When you appealed that myopic ruling and then won approval of Mercy’s adoption from the Malawi court of appeals, you effectively made case law that kicked open the door for other American families to adopt some of the 1 million children orphaned by HIV, AIDS and other diseases (including a grotesque indifference to the suffering of the most vulnerable among us).
Your actions paved the way for families to be created across thousands of miles, through forests of diplomatic red tape and seemingly unbridgeable cultural chasms.
My husband and I met Vasco in October 2007 while we were traveling in Africa on holiday. A few years earlier, we had made a donation to an organization in Blantyre that works with some of the 60,000 children who live on the streets of Malawi — the vast majority of them, as you are well aware, AIDS orphans.
We were on the ground in Malawi for about 48 hours and spent most of our first day visiting with a few dozen teenaged boys — “street kids,” in the parlance of Malawi — at a drop-in center in Limbe.
On our way back to the motel in Blantyre, our guide asked if we would mind making one more stop to visit a street kid that, in his words, was “just kind of special.”
We drove on the road to the airport to Blantyre’s rural Chileka district, clambered down a muddy embankment and saw a clutch of mud-and-waddle huts. Our guide yelled something and we heard a squeaky boy’s voice shout something back — “I’m coming!” in Chichewa, his native language.
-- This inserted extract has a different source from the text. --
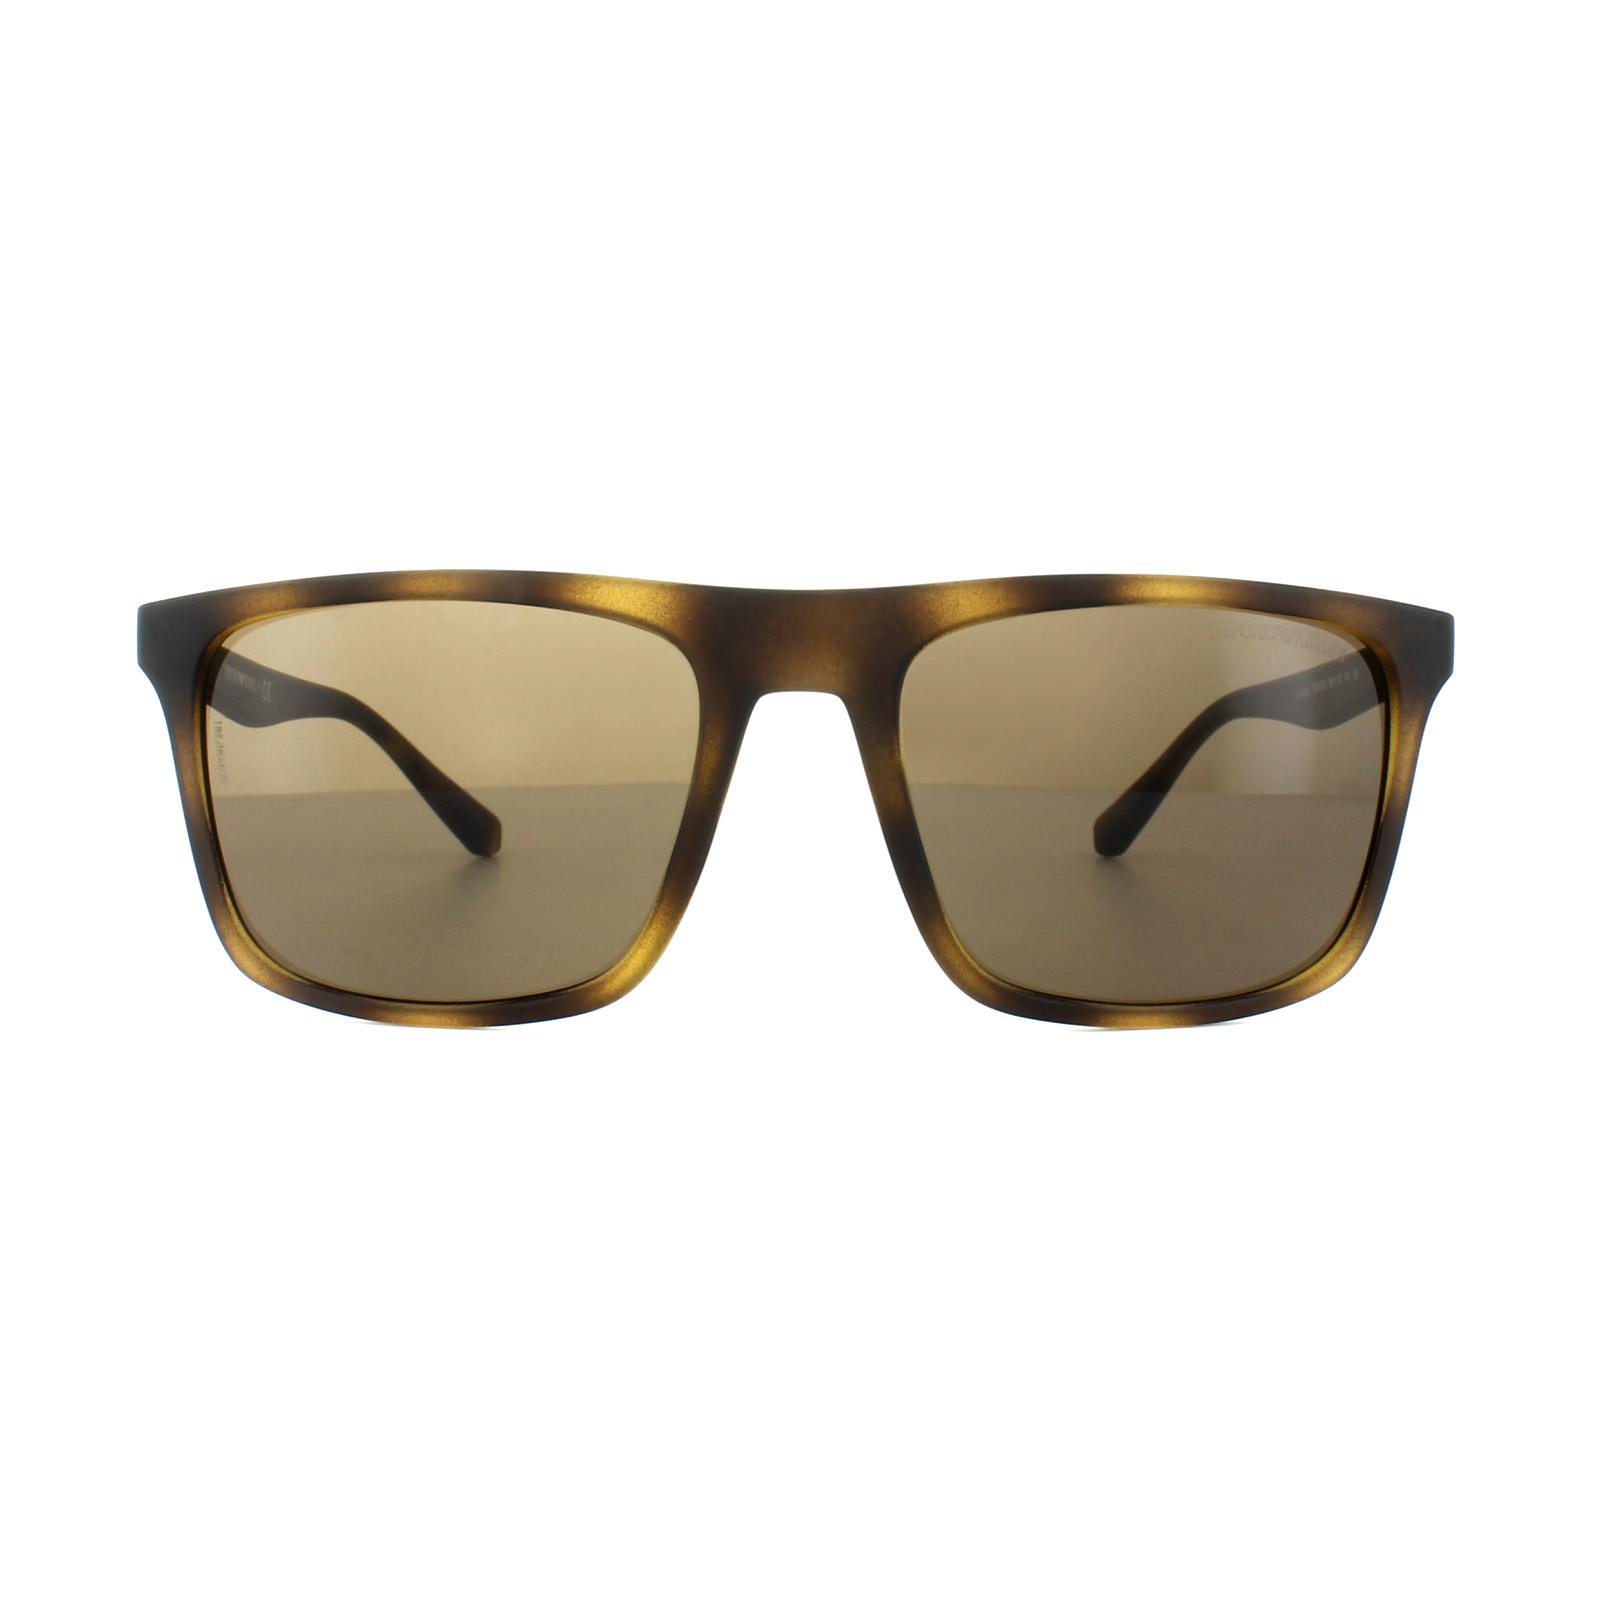 44aab12288f Emporio Armani EA4097 Sunglasses Thumbnail 1 Emporio Armani EA4097  Sunglasses Thumbnail 2 ...

Out came this little fellow Vasco — tiny, skinny — maybe 35 pounds soaking wet — with huge eyes and a smile that would split your heart in two. He was about eight years old but was the size of a five-year-old American child.
While we visited with Vasco, who had lived alone on the streets of Blantyre for months after his mother and father had died, he sat on my lap. When he pressed his bony back into my chest, his heart was beating so violently it was shaking his little body and moving mine. I took a good look at him and noticed that he was sweating and struggling to catch his breath even though he’d been sleeping when we arrived and not running or playing.
“What’s wrong with him?” I asked.
“He has a hole in his heart,” we were told.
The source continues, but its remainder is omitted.